In case of inhalational anthrax (prevention and treatment) – 15 mg/kg 2 times a day. Maximum single dose is 0.5 g daily – 1 g. Total duration of ciprofloxacin therapy is 60 days.
In chronic renal failure: in creatinine clearance more than 50 ml/min the dose adjustment is not required; in IQ 30-50 ml/min – 0.25-0.5 every 12 hours; in IQ 5-29 ml/min – 0.25-0.5 g every 18 hours. If a patient is undergoing hemodialysis or peritoneal dialysis – 0.25-0.5 g/day, but the drug should be taken after hemodialysis session.
Interaction
Treatment: no specific antidote known. Gastric lavage and other first aid measures Careful monitoring of the patient, ensuring adequate fluid intake. Only small amounts (less than 10%) of the drug may be eliminated by hemo- or peritoneal dialysis.
Interaction with other medicinal products. Due to decrease of microsomal oxidation activity in hepatocytes, it increases concentration and prolongs T1/2 of theophylline (and other xanthines such as caffeine) of oral hypoglycemic drugs indirect anticoagulants decrease prothrombin index.
In combination with other antimicrobial drugs (beta-lactam antibiotics aminoglycosides clindamycin metronidazole) synergism is usually observed; it can be successfully used in combination with azlocillin and ceftazidime in infections caused by Pseudomonas spp.with meslocillin azlocillin and other beta-lactam antibiotics in streptococcal infections; with isoxazolylpenicillin and vancomycin in staphylococcal infections; with metronidazole and clindamycin in anaerobic infections.
The nephrotoxic effect of cyclosporine is increased serum creatinine in these patients requires monitoring of this index 2 times a week.
When taken concomitantly, it increases the effect of indirect anticoagulants.
Orally if combined with iron-containing medications sucralfate and antacids containing magnesium, calcium or aluminum decreases absorption of ciprofloxacin; therefore, it should be taken 1-2 hours before or 4 hours after taking the above mentioned drugs.
Non-steroidal anti-inflammatory drugs (excluding acetylsalicylic acid) increase the risk of seizures.
Didanosine decreases absorption of ciprofloxacin due to its formation of complexes with aluminum and magnesium in didanosine.

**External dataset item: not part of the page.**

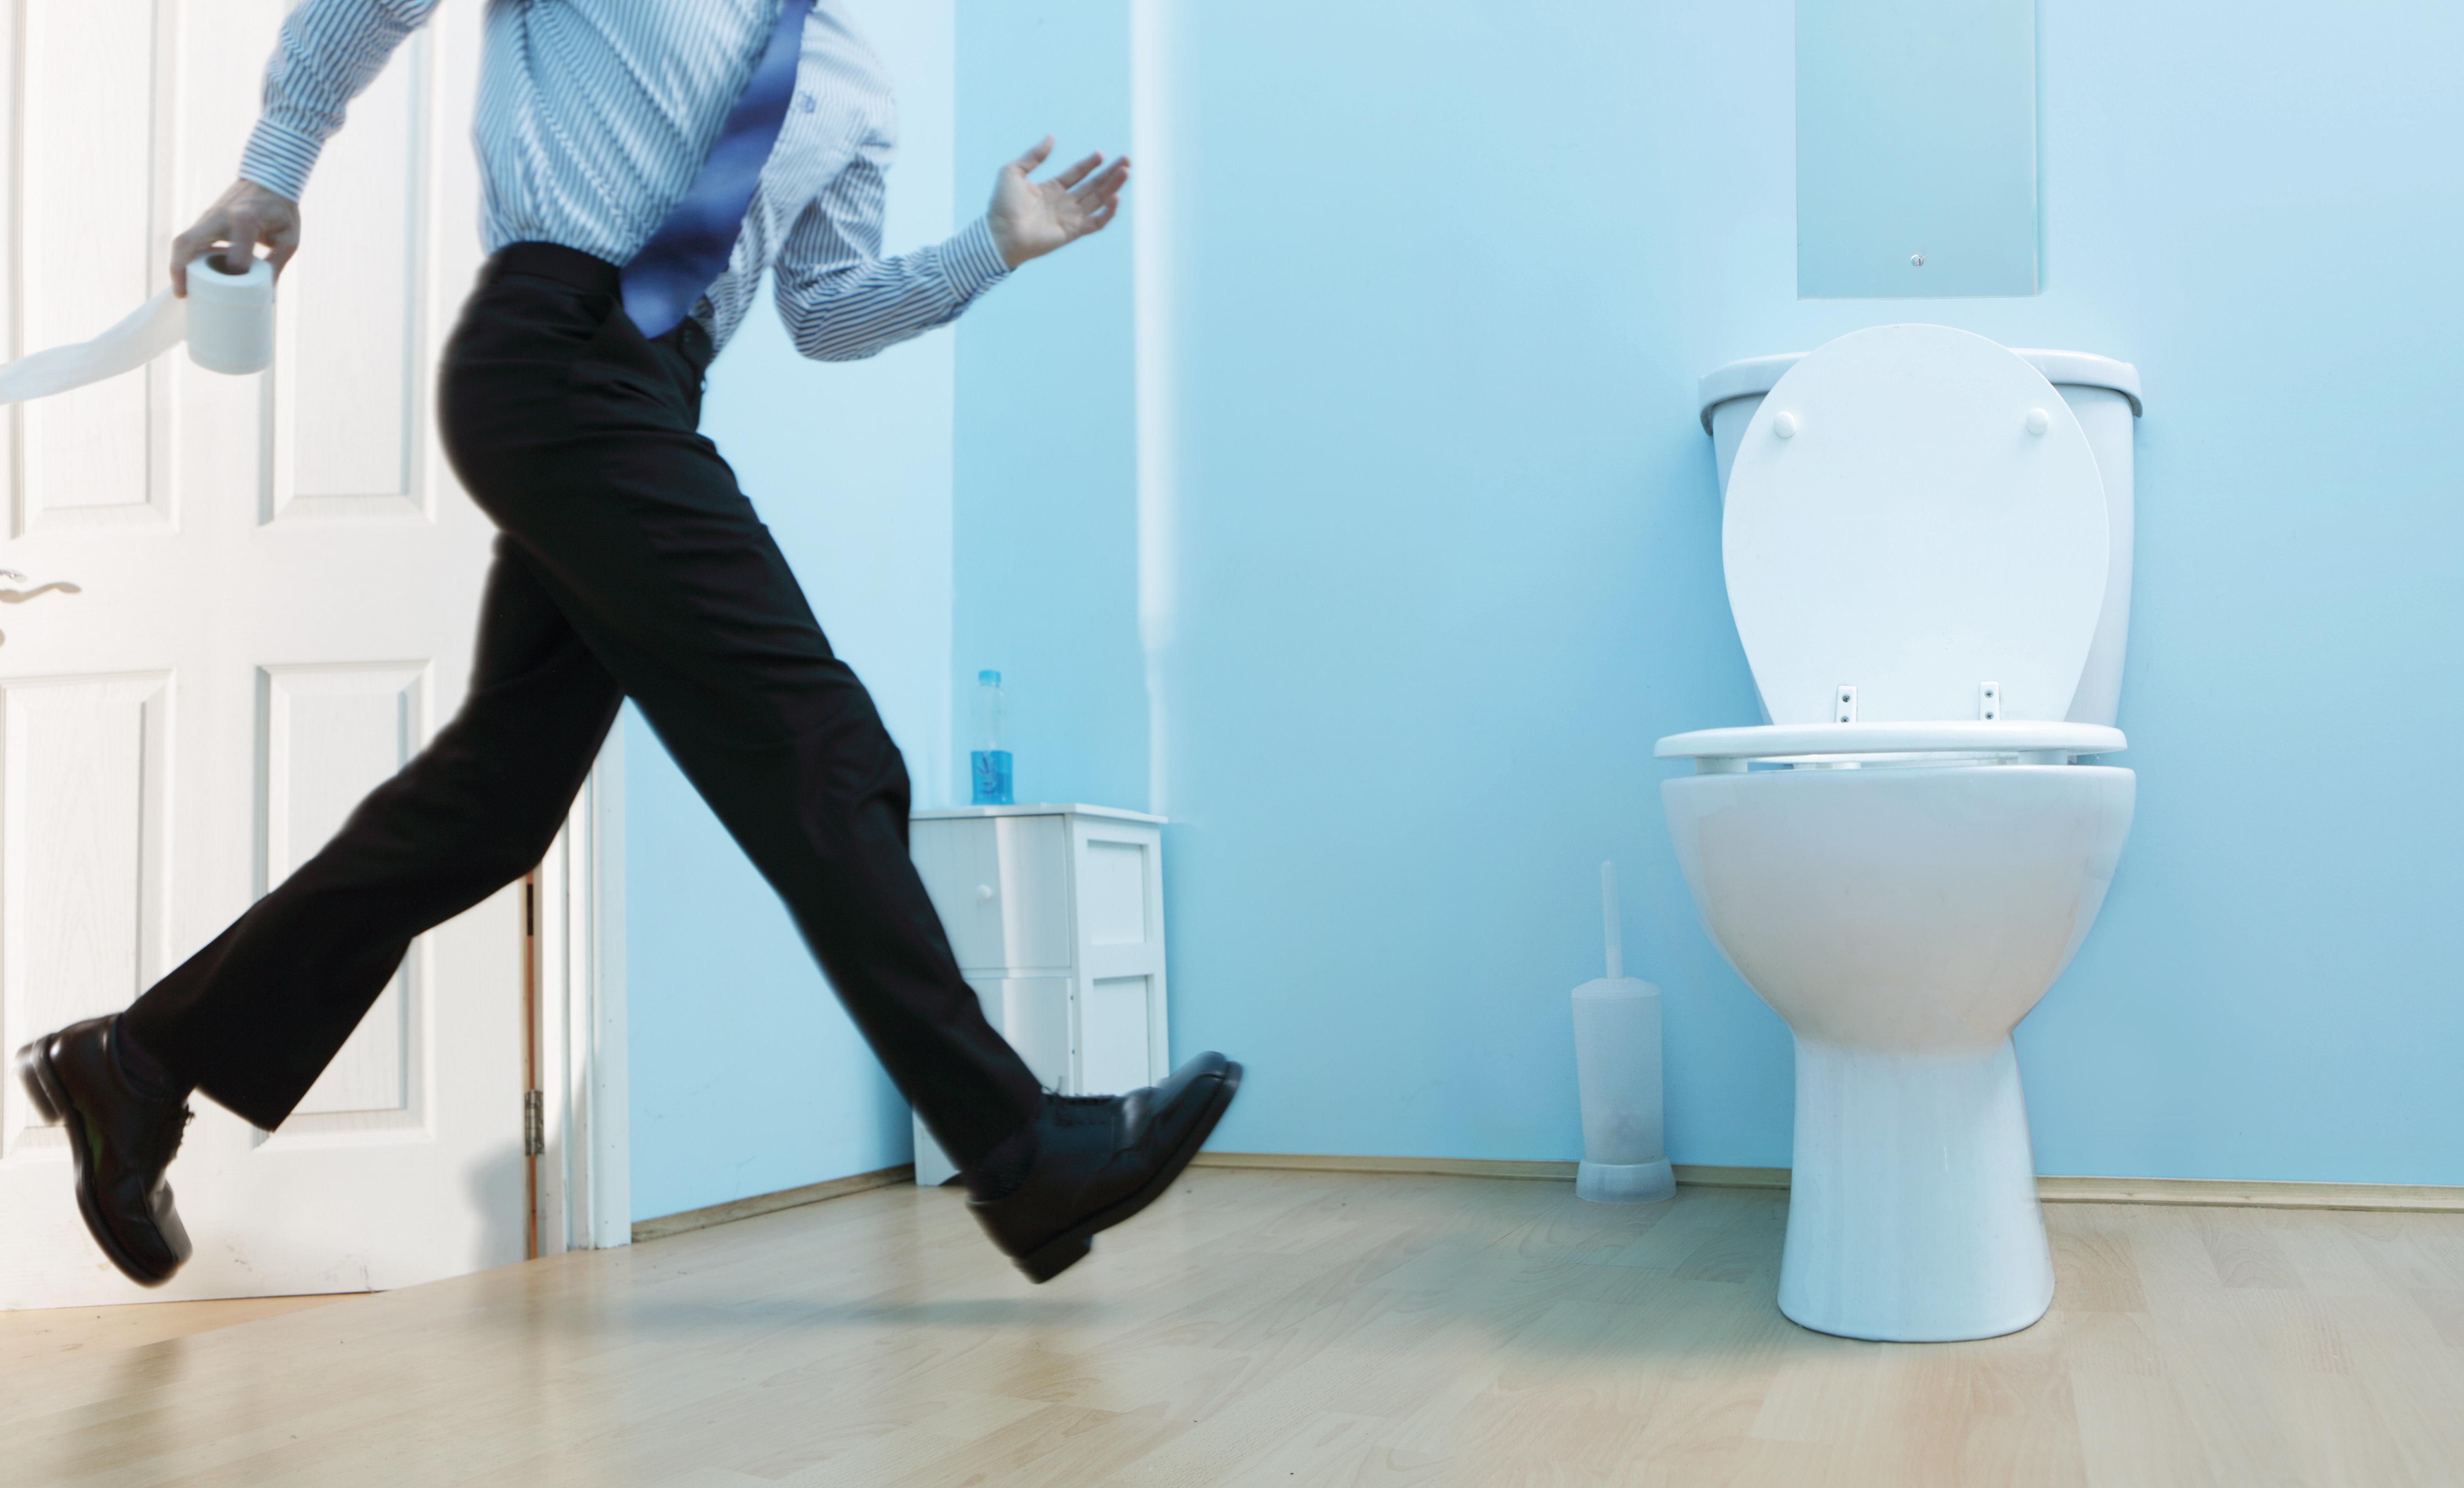 Bathroom leak pee piss stop
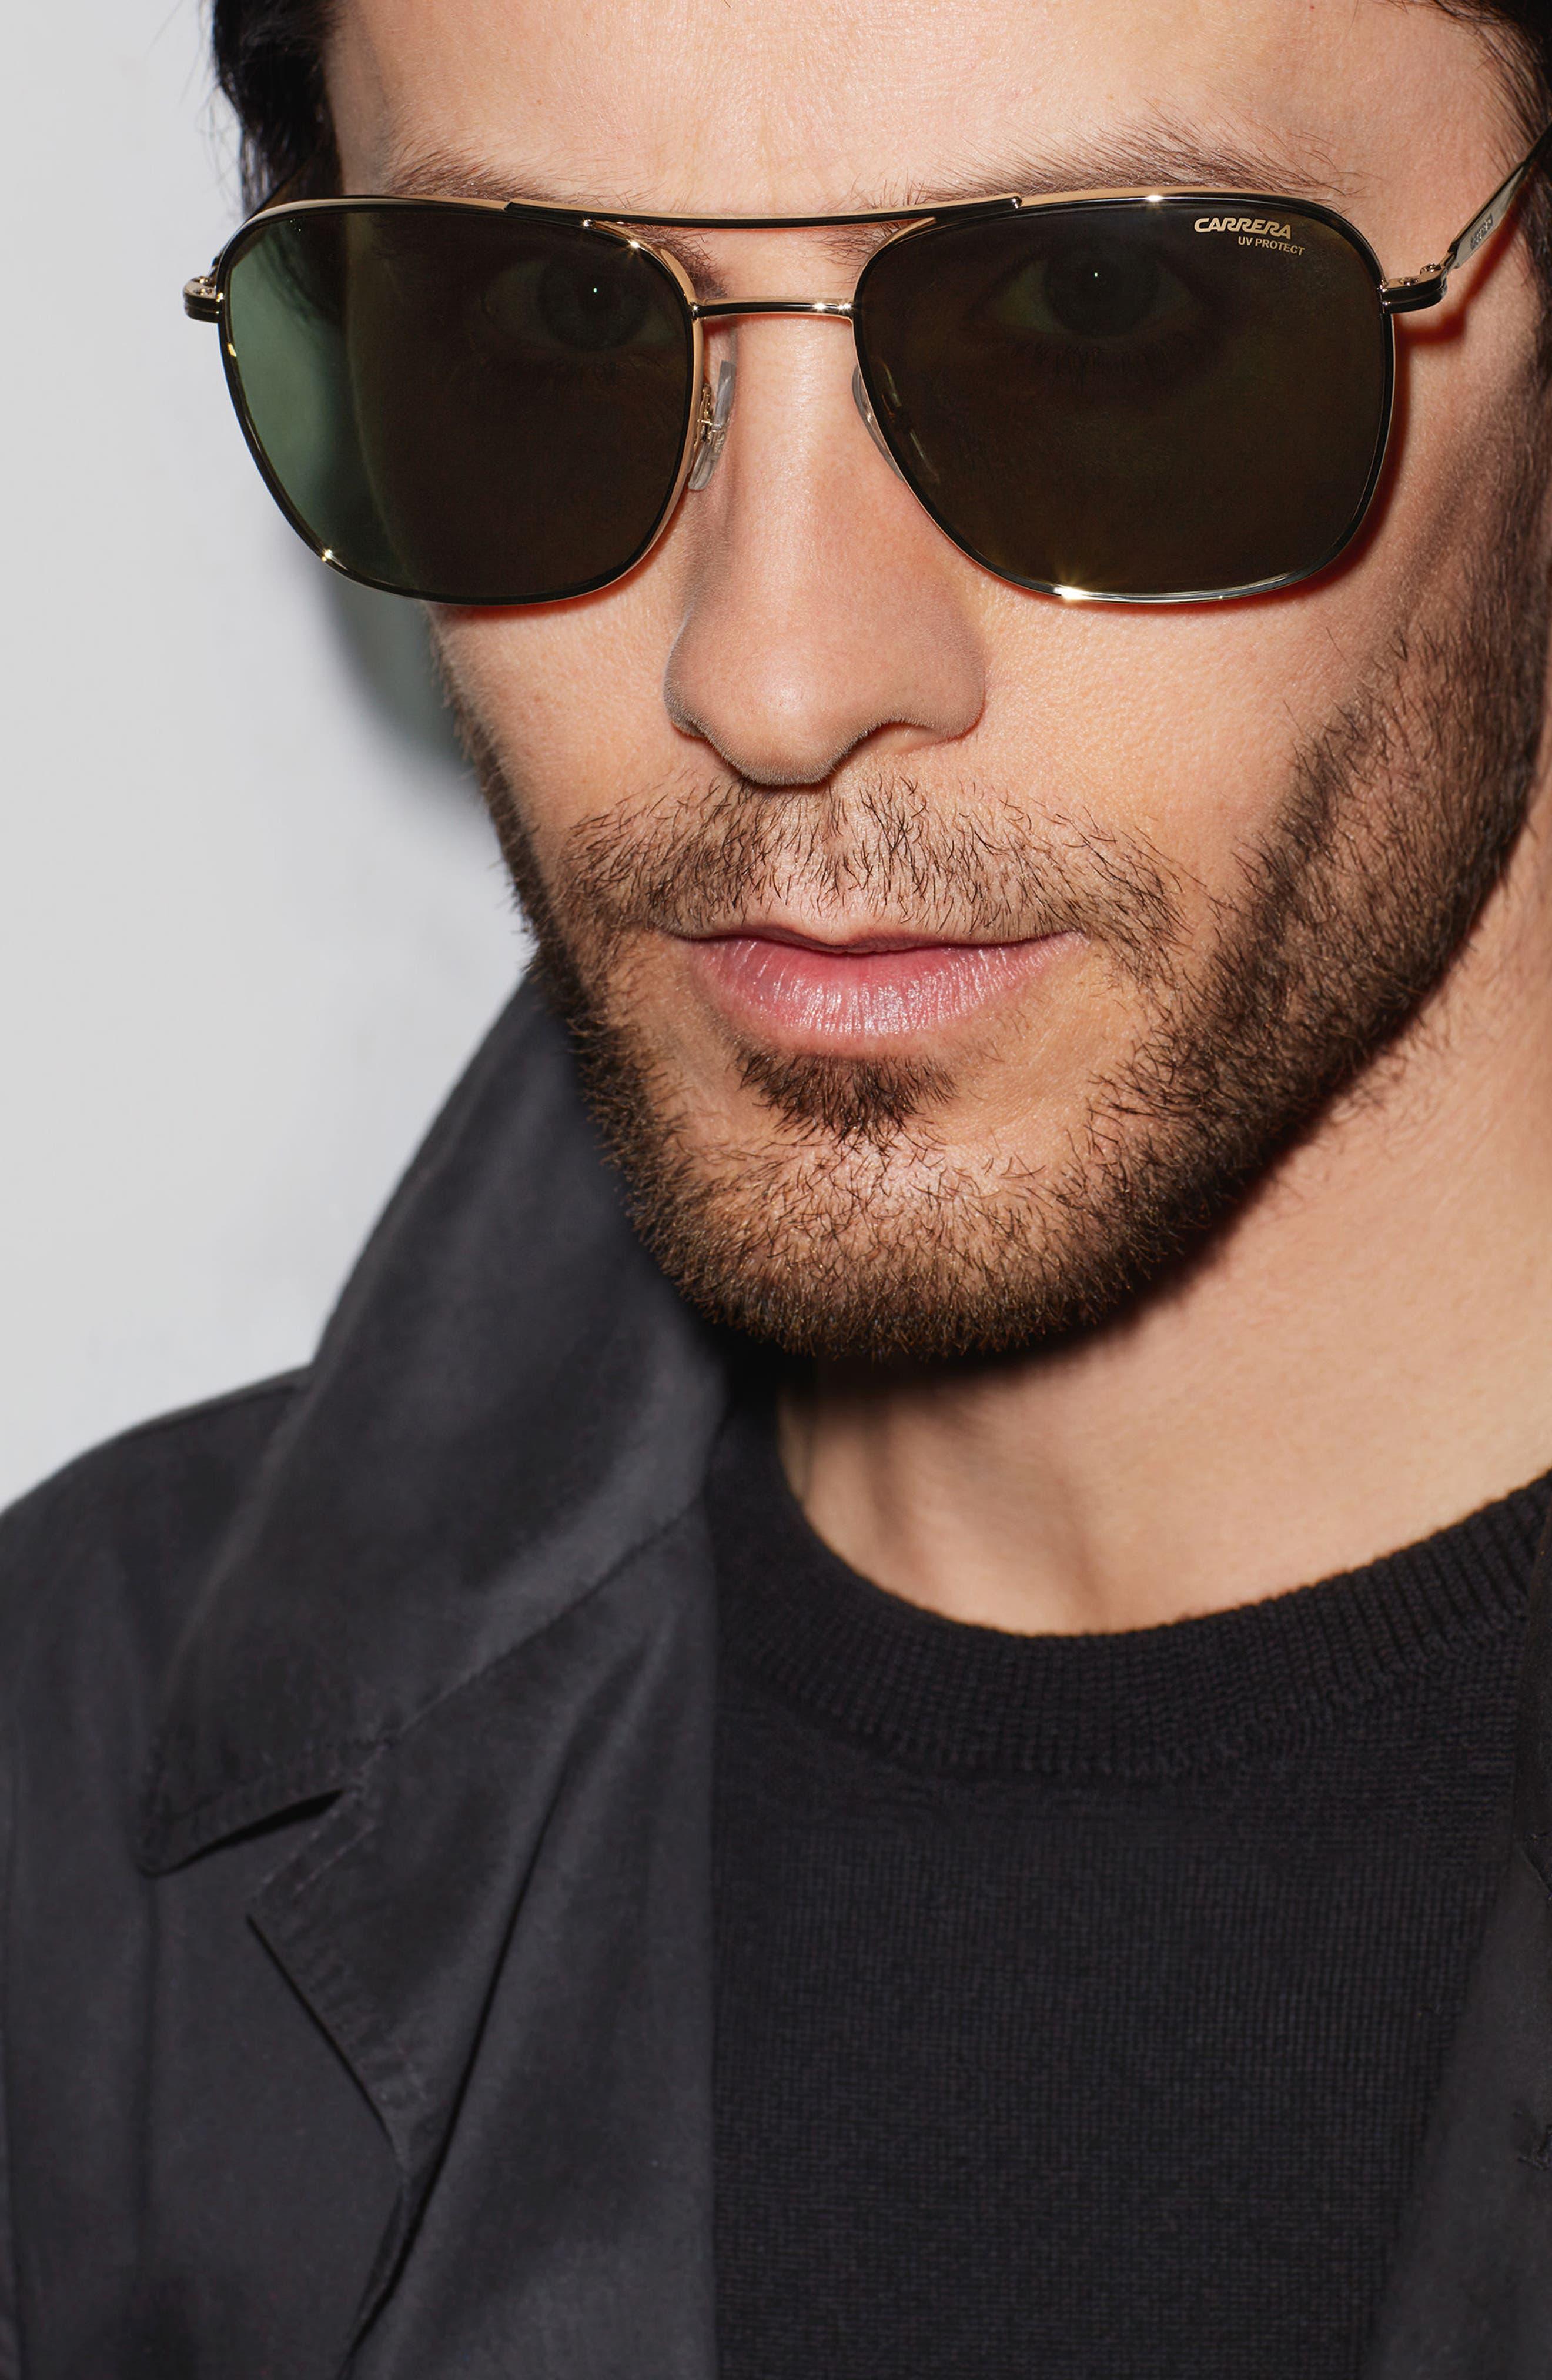 Alternate Image 2  - Carrera Eyewear 58m Polarized Sunglasses

Methoclopramide accelerates absorption which leads to shorter time to reach maximal blood concentration of the drug.
The co-administration of uricosuric drugs leads to slower excretion (up to 50%) and increased plasma concentration of ciprofloxacin.
Enhances Cmax 7-fold (4 to 21-fold) and AUC 10-fold (6 to 24-fold) of tizanidine which increases the risk of marked reduction of blood pressure and somnolence.
Special Instructions
Ciprofloxacin is not the drug of choice for suspected or established Streptococcus pneumoniae.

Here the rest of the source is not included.